The reason for this is that the beginning of Trump’s name, ‘tr’, has no counterpart in Chinese phonetics. It needs to be converted to a sound in Chinese, and in this case there are two possibilities. The media could agree to standardize on one choice, but they haven’t.
There are many other factors making the cross-language matching difficult. The above is by no means a comprehensive list, but it gives you an idea.
Approaches to Cross-Language Name Matching
In another blog, we have already discussed traditional and more modern approaches to name matching, so we won’t go into that in more detail here. In a nutshell, what is needed is a way of performing sophisticated fuzzy name matching across languages, i.e., the approach must be able to capture the typical variations in spelling found between languages such as in the examples above.
There is such a way: a machine learning-based approach of learning from real-world data offers a graceful way of handling fuzzy cross-language matching. It does not rely, as some approaches do, on first translating the foreign-script name into Latin characters and then matching it to Latin-script names. This is a weak approach, since it introduces a whole new layer of possible errors produced by the translation process. It’s much better to directly match the foreign-script names against the Latin-script names.
Our machine-learning approach automatically learns a set of probabilistic matching rules from a large amount of real-world data that provides good coverage of many scripts. It makes possible highly accurate matching of names across once insurmountable language barriers.

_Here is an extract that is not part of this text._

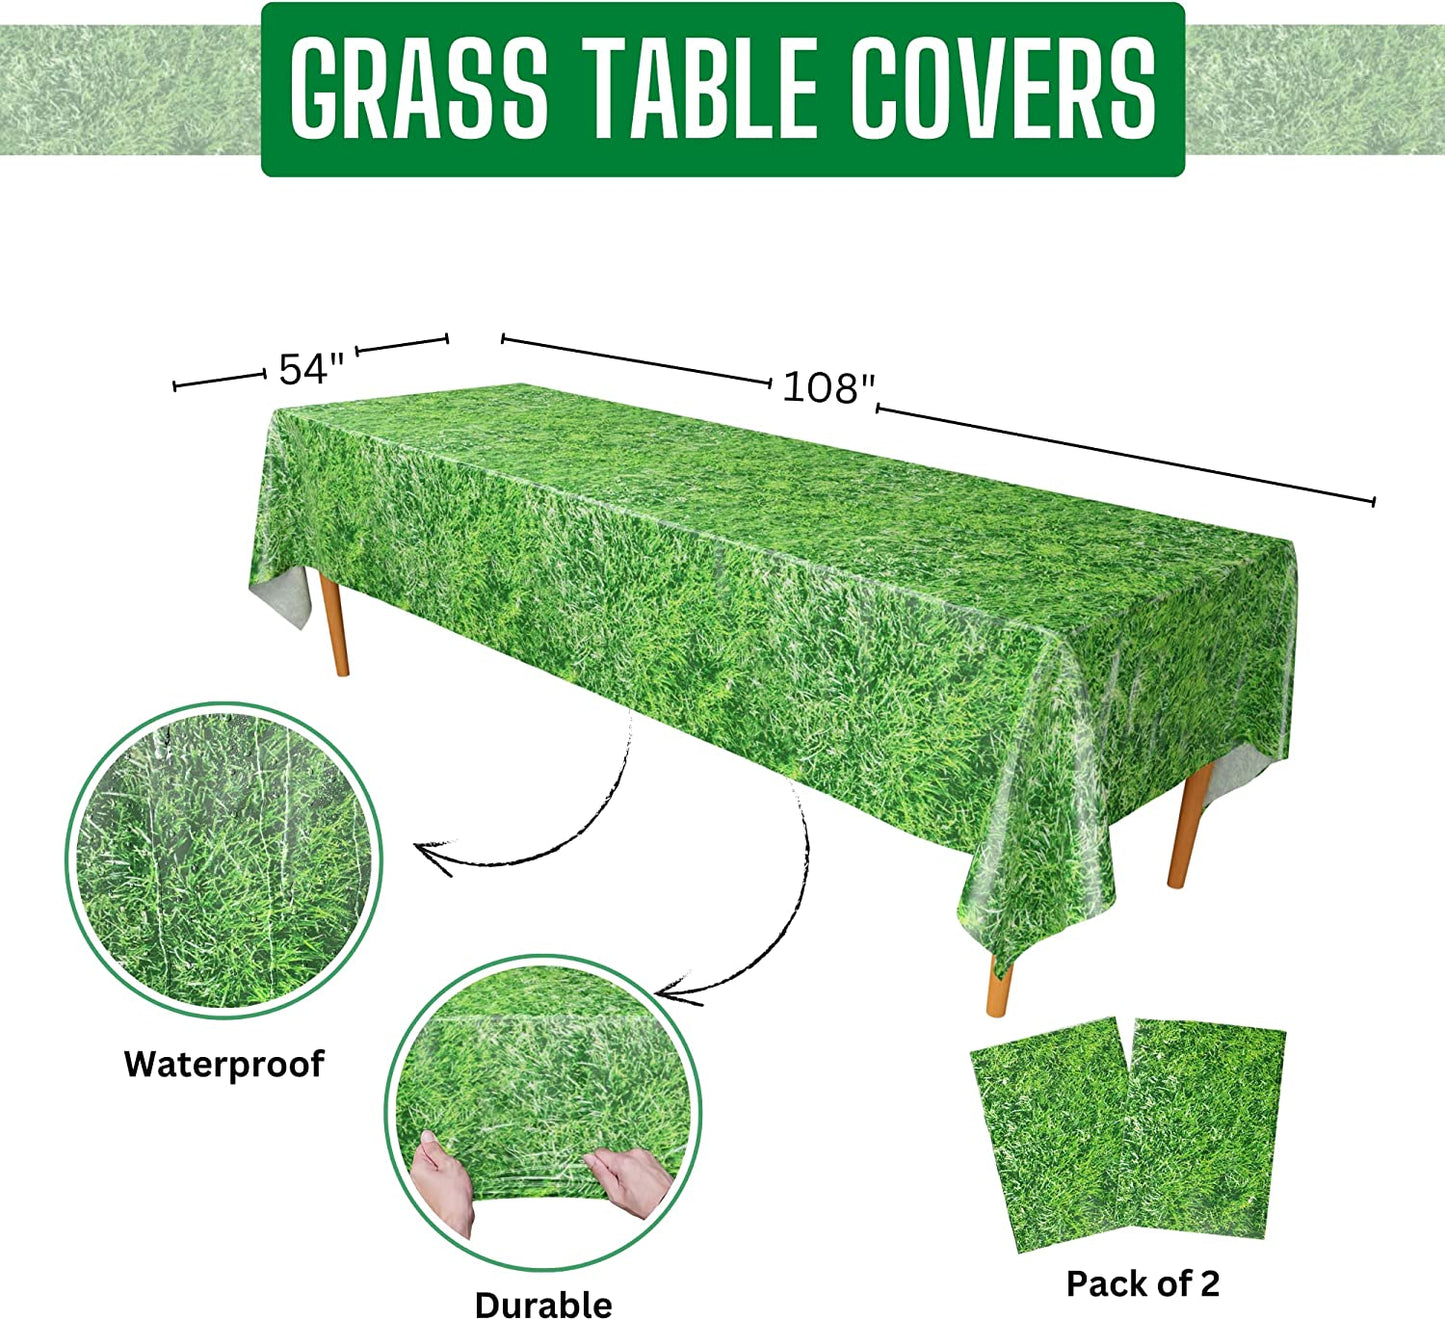 Image of the Waterproof and Durable Grass Table Covers, a pack of two XL-sized table covers measuring 54"x108". These table covers are perfect for a variety of nature-themed parties, including jungle parties, woodland birthdays, and safari-themed events. They feature a realistic grass design and are made of waterproof and durable materials, ensuring long-lasting use.

Why Cross-Language Name Matching Is Critical
Highly accurate data management is critical to an organization’s success these days. Effective matching of different data records is a key component of keeping your data clean, complete, and deduplicated. In order to accomplish this, matching needs to go beyond traditional Latin script-only matching because in today’s globalized world many organizations have data records in different scripts.
If you are or will be in the market for acquiring a matching product with cross-language capabilities, a thorough evaluation is crucial. Be cautious and demanding: very few products can truly handle the types of matching challenges discussed above.